- Theatrical release poster
- Directed by: Sreeraj Sreenivasan
- Written by: Sreeraj Sreenivasan
- Produced by: Anwar Rasheed
- Starring: Soubin Shahir; Basil Joseph; Chemban Vinod Jose;
- Cinematography: Shyju Khalid
- Edited by: Shafique Mohamed Ali
- Music by: Vishnu Vijay
- Production company: Anwar Rasheed Entertainment
- Distributed by: Anwar Rasheed Entertainment
- Release date: 16 January 2025;
- Running time: 149 minutes
- Country: India
- Language: Malayalam
- Budget: ₹14.5 crore
- Box office: ₹8.36 crore

= Pravinkoodu Shappu =

2025 Indian film

Pravinkoodu Shappu is a 2025 Indian Malayalam-language black comedy crime thriller film written and directed by Sreeraj Sreenivasan (in his directorial debut). It was produced by Anwar Rasheed through Anwar Rasheed Entertainment. The film stars Soubin Shahir, Basil Joseph and Chemban Vinod Jose, with Chandini Sreedharan, Shivajith, and Shabareesh Varma in supporting roles.

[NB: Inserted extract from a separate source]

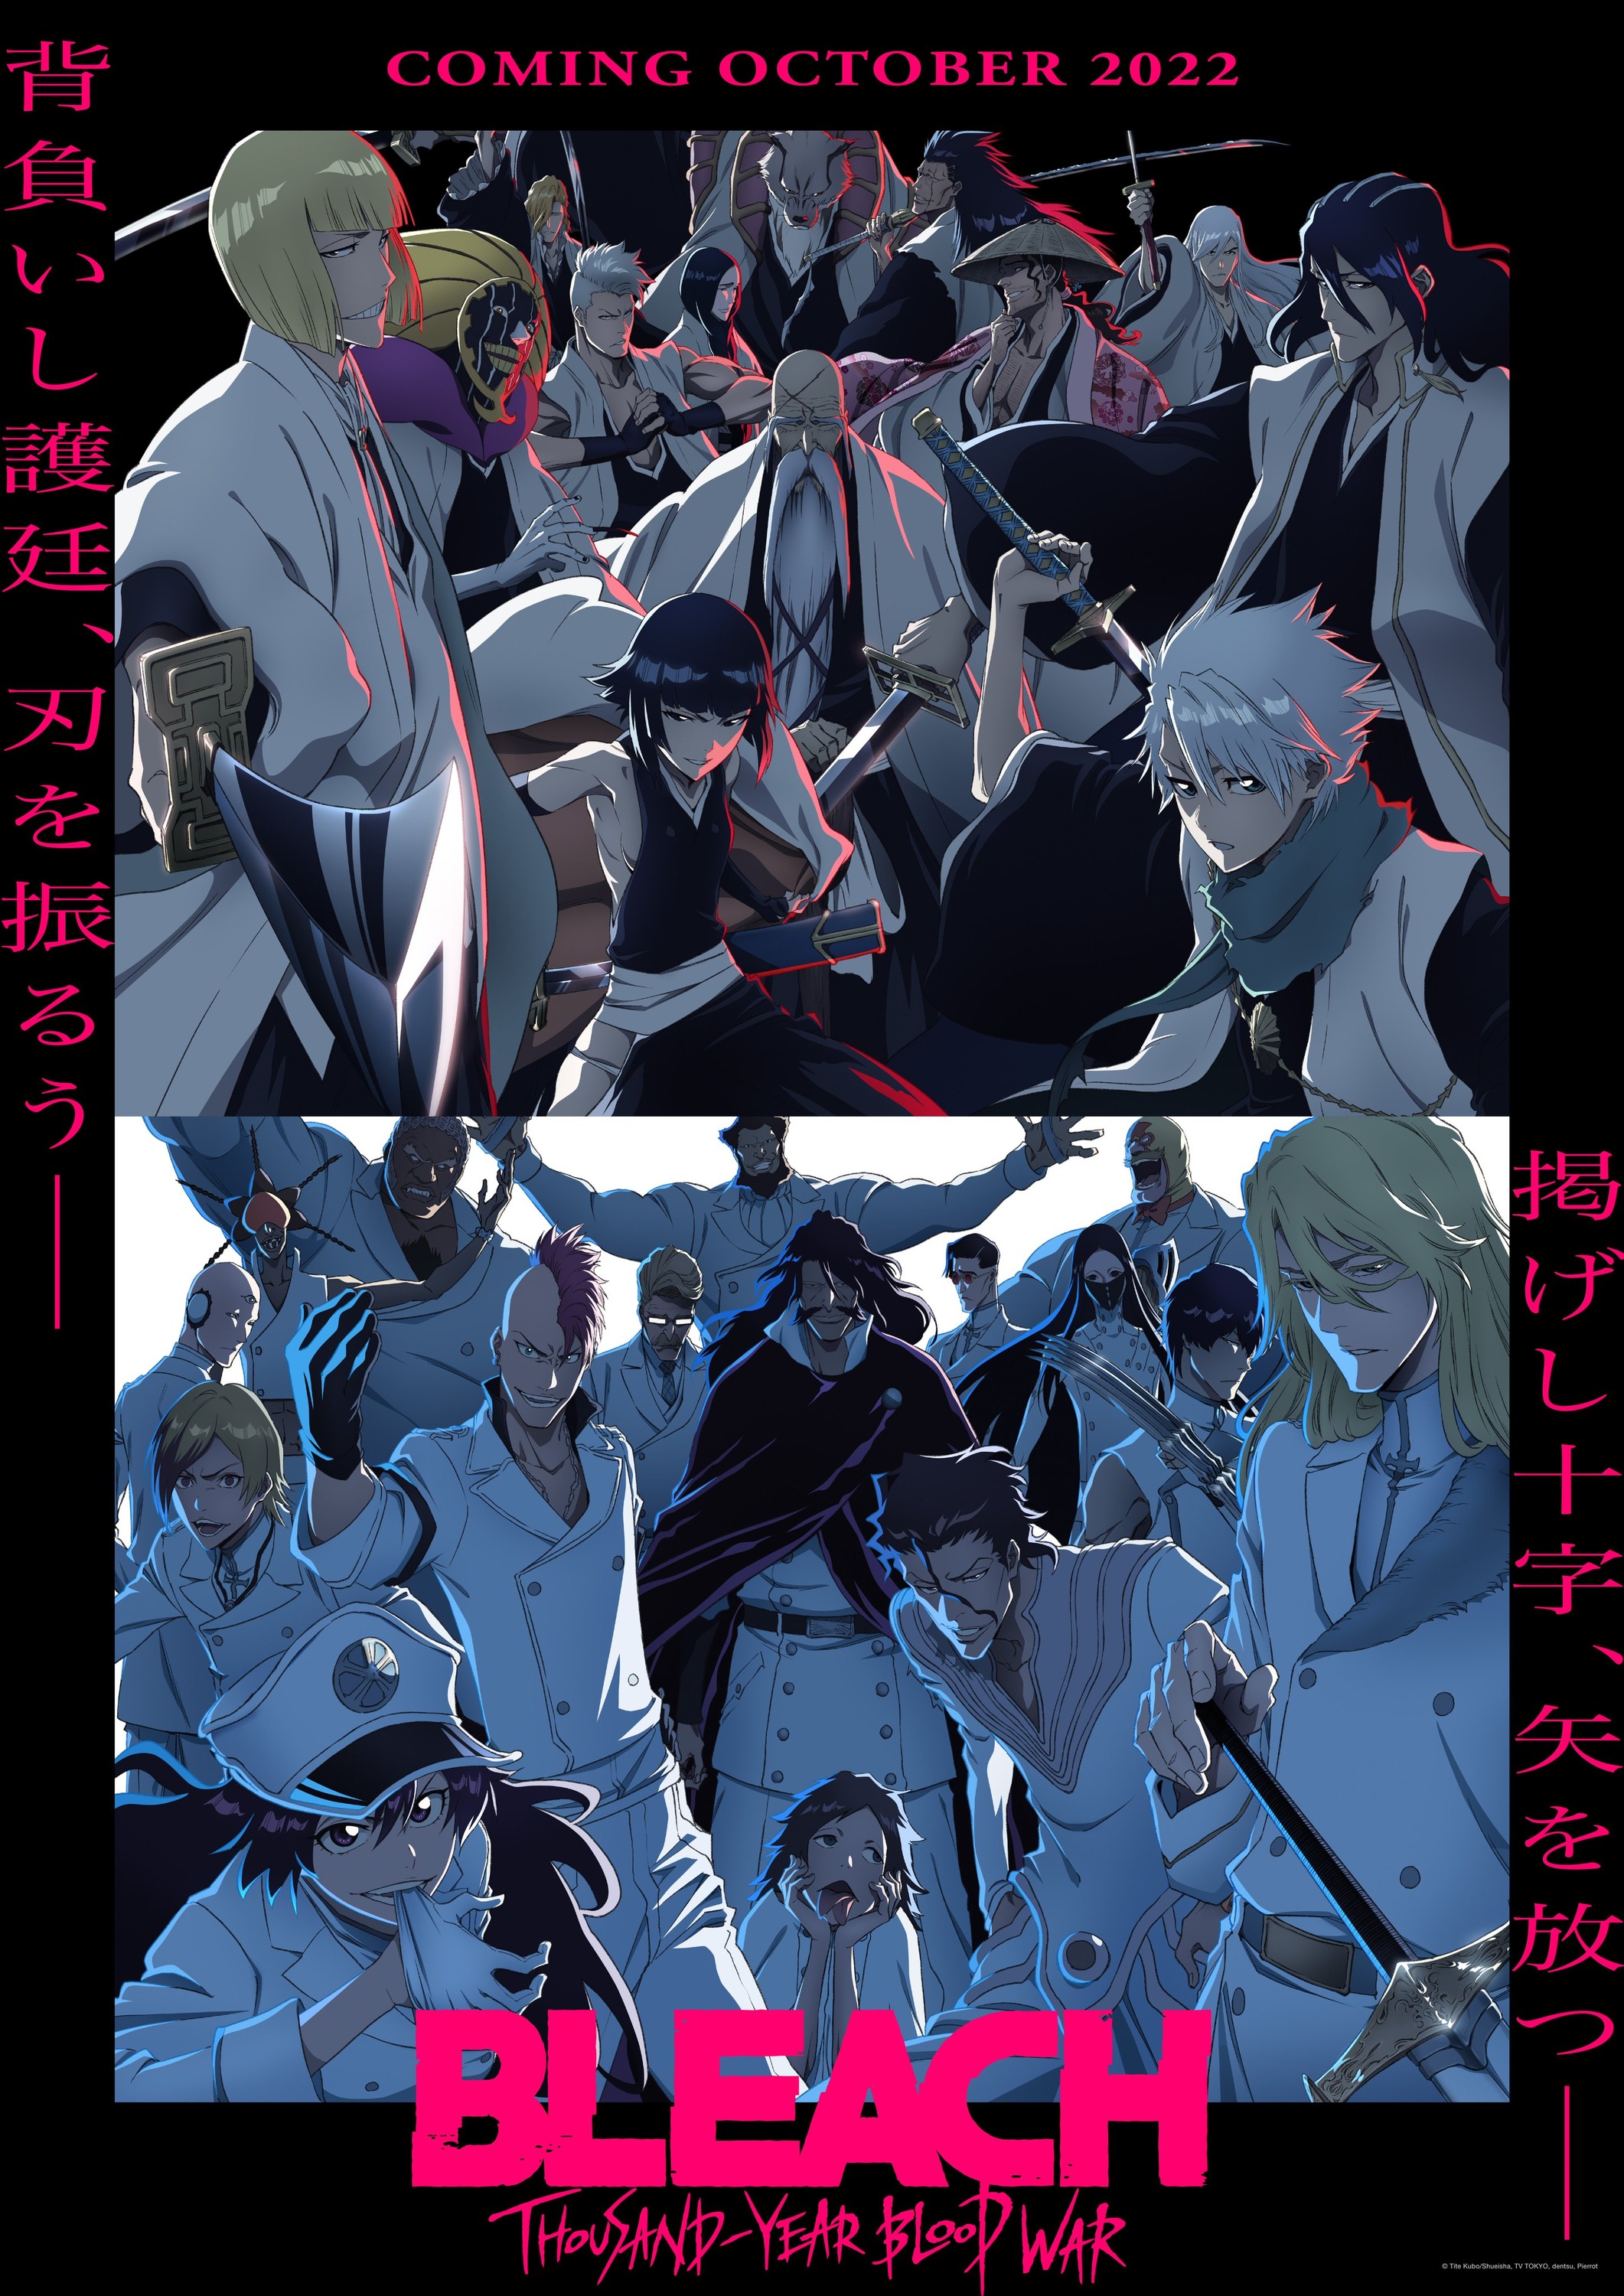 Mega Sized TV Poster Image for Bleach: Thousand Year Blood War (#2 of 7)

Filming started on 29 February 2024 in Thrissur and Ernakulam. Initially scheduled for a Christmas 2024 release, the launch was postponed. The film released in theatres on 16 January 2025 to mixed reviews from critics alike with praise for the performances, cinematography, editing, sound design and background score but received criticism for its script.

== Premise ==
The story follows the investigation of a death at a toddy shop. After the shop closed due to rain, 11 people remained inside, drinking and playing cards overnight. By morning, the shop owner, Komban Babu, is found hanging in the center of the shop. A police officer questions the 11 individuals present that night to uncover what happened. The investigation reveals hidden details, raising the question of who killed Komban Babu and why his body was left hanging in the shop.

== Plot ==
Komban Babu, a feared and influential toddy shop owner with a history of illicit dealings, is found dead—hanged inside his own toddy shop. Initially presumed to be a suicide, Sub-Inspector (SI) Santosh begins investigating the case. After examining the crime scene and interrogating all those present in the toddy shop that night—including Kannan, Suni, Biju, Ceylon, and others—he concludes that it is a case of premeditated murder.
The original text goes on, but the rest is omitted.